A set of tools to calculate the "force" acting on the maximum length of complementary segments in a given transcript, dinucleotide motif, and sequence complexity

docker pull TODO

Alternatively, build the image from Dockerfile:

docker build . -t forces

The build is based on debian:bullseye and it requires the forces.tgz source tarball.

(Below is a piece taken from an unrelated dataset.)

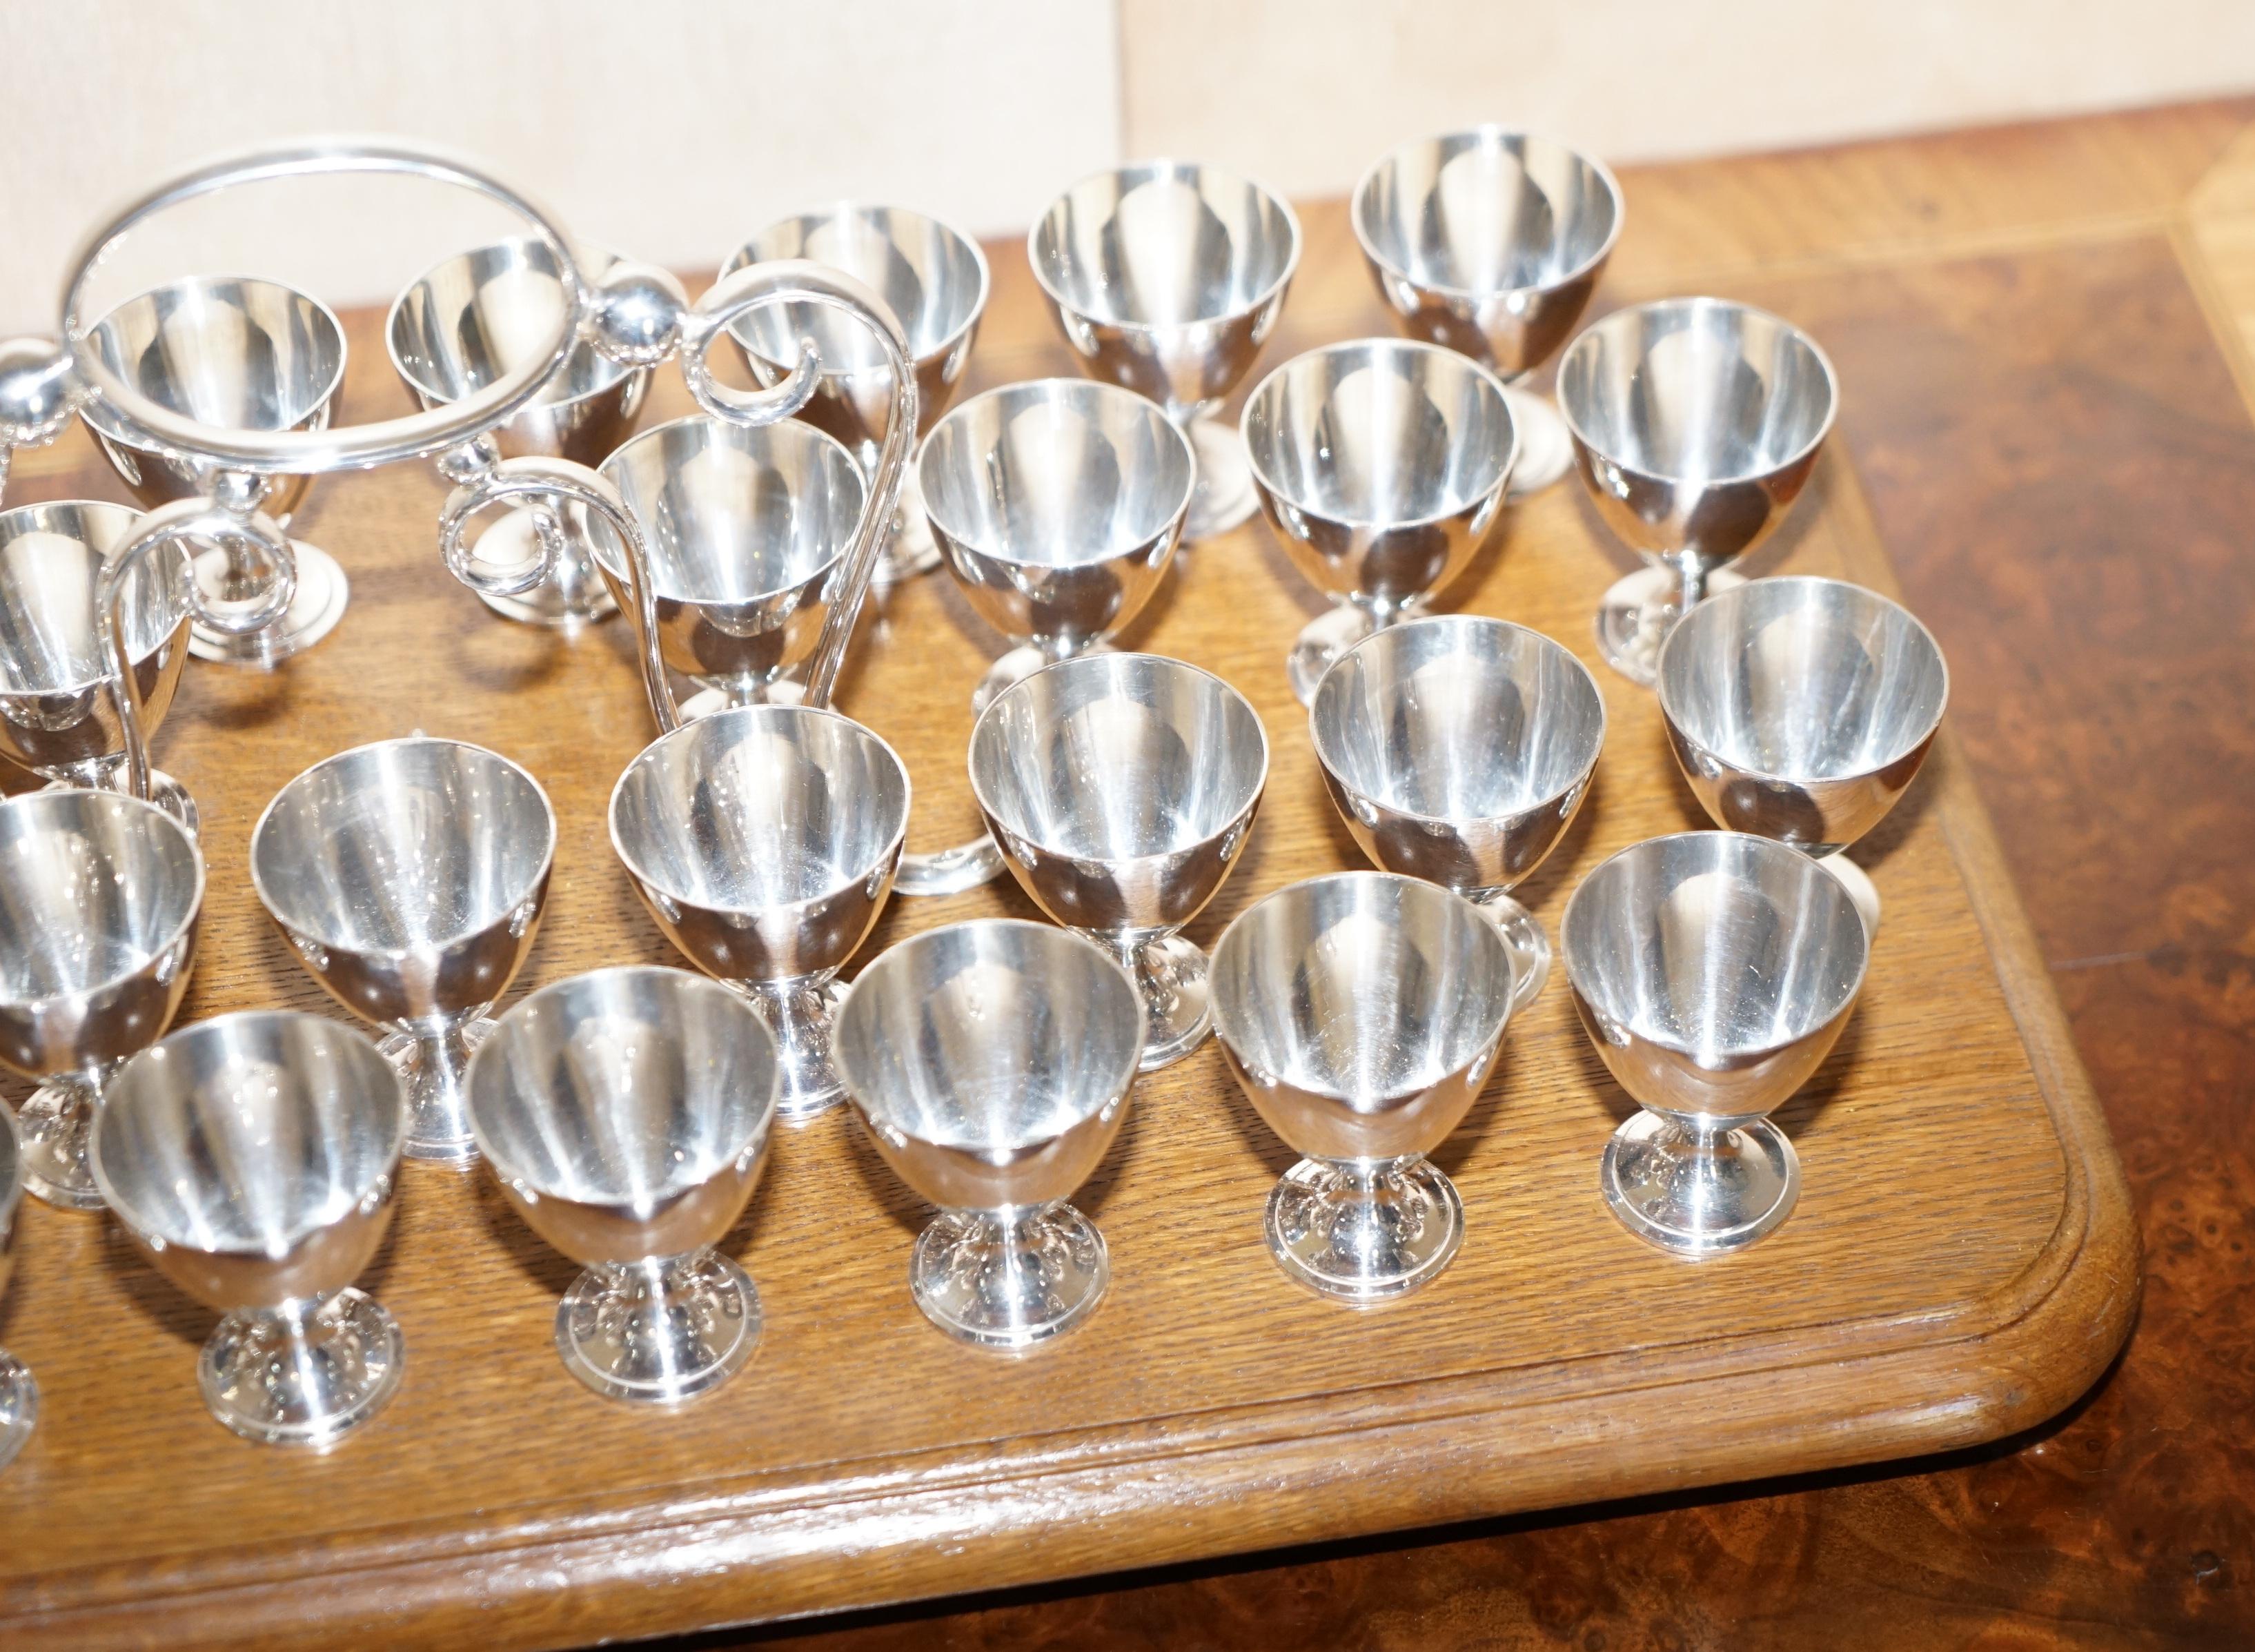 English Antique Tray with 33 EPNS Shot Cups / Glasses on Originally for Communions For Sale

g++ -O3 -o fasta_xds calculate_xds.cpp 
g++ -O3 -o window_scan scan_window.cpp

Install the built executables into PATH

python3 setup.py build && python3 setup.py install

• Complexity calculation:

python get_complexity.py "YOUR SEQUENCE HERE"

• Double stranded force calculation in scanning window (of given window_length, sliding from start position by shift_size until end position is reached on a given chromosome. The human genome assembly has to be provided as a fasta file. Output is provided per line for each window):

window_scan fasta_file_with_genome chromosome start stop shiftsize window_length outputfilename

• Double stranded force calculation per each individual sequence provided in a fastafile:

fasta_xds fastafilename

• CpG force calculation in scanning window:

compute_sliding_window_force.py [-h] [-L WINDOW] [-c CONTIG] [-d DIMER] [-e END] [-s START] fasta_infile

Arguments CONTIG to use, START, END and WINDOW length are optional. DIMER defaults to CG.

• CpG force calculation for given coordinates:

compute_force_from_regions.py [-h] [-d DIMER] [-L MIN_LENGTH] [-s] fasta_infile coordinate_file

Input file format for coordinate_file:

contig	start	end	OTHER_OPTIONAL_COLUMNS

If -s is specified, strand (+/-) is needed as well:

contig	start	end	strand	OTHER_OPTIONAL_COLUMNS

Regions shorter than MIN_LENGTH are removed. Output: the same as input plus an extra column with the force.